In “What’s Your Body Telling You?,” Sisgold, a guitarist and songwriter, references the Muddy Waters’ song “I’ve Got My Mojo Working.”
“A lot of people think mojo’s sexual, but actually it’s about your charisma,” he said, noting that single people and couples are often thinking so much, that they are so in their heads, that they’re unaware of what he describes as “their own physical, visceral experience.”
He writes about working with people to get their mojo working. Or, if their mojo’s working, to get it to work better.
“If your single, and you’re saying all these cool things, but your body’s expressing a whole other message, you’re not going to attract,” he said. “I help people who are single, who want to attract, to notice what their body is telling them. What message is their billboard sending out to someone? Once they get clear on that and shift it, their mojo goes up.”
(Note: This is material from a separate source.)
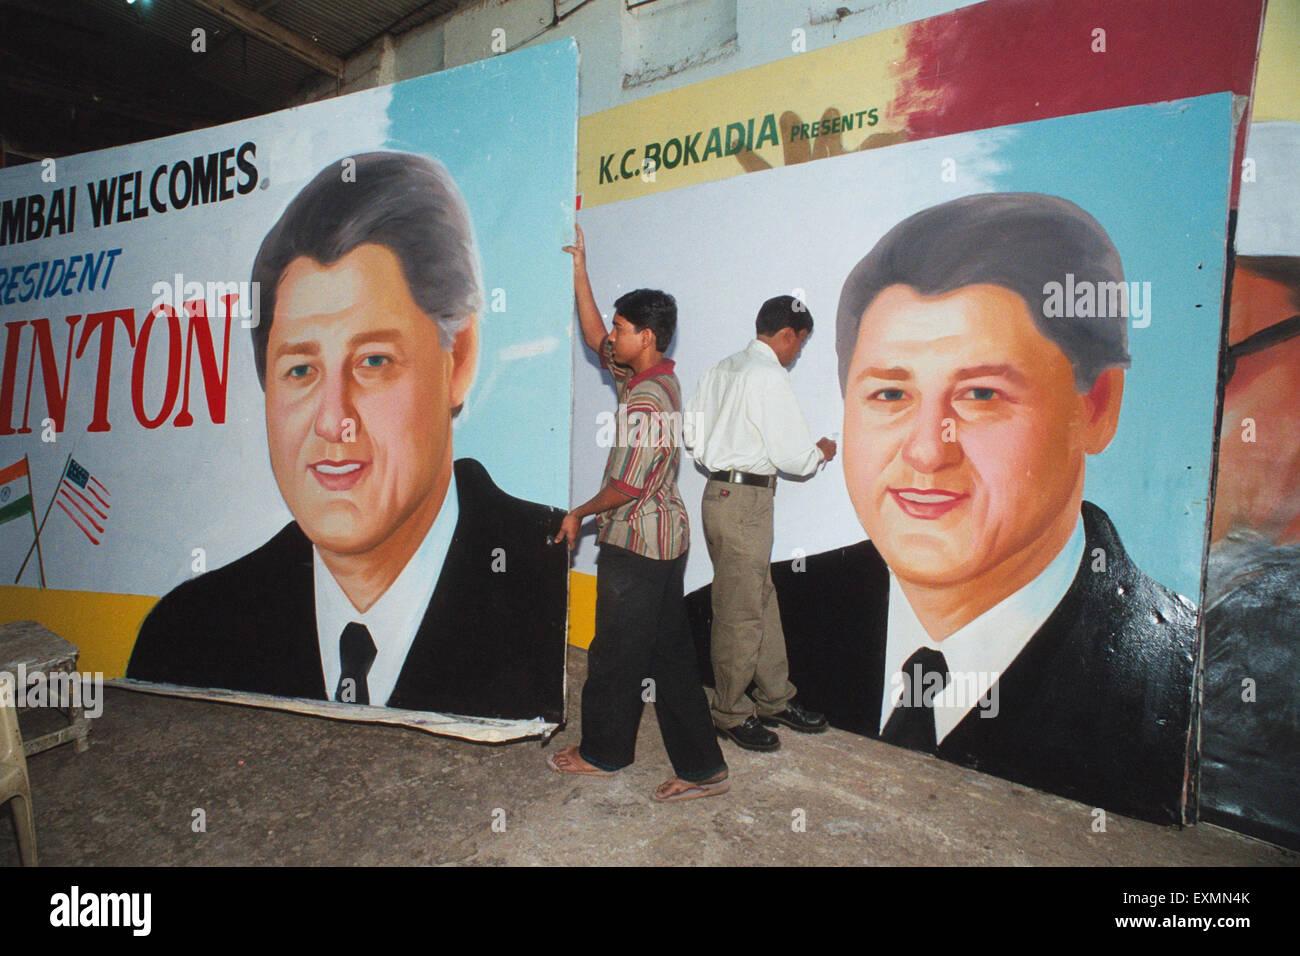 Bill Clinton Plakate Mumbai Indien Stockbild

Sisgold likens peoples’ body language to billboards that advertise their mojo message.
“It’s important to understand what your body experience is in the moment, so that your billboard isn’t sending out the wrong message,” he explained. “Am I walking in the room down, or am I standing up straight with confidence? What is my posture saying to this person?”
He used a couple on their first date, trying to make a positive impression, as a an example of a situation when it’s time, as the title of his book suggests, to listen to what your body’s telling you.
“If I’m on a first date and I’m not breathing, if I’m leaning on the table looking needy, then I’m giving out the wrong message,” he said. “But if I know I’m cool, I’m going to take a breath, I’m going to sit back and notice that my body and my mind are sending the same message. That’s an example of somebody who, I believe, has an energy going, a charisma, who has mojo.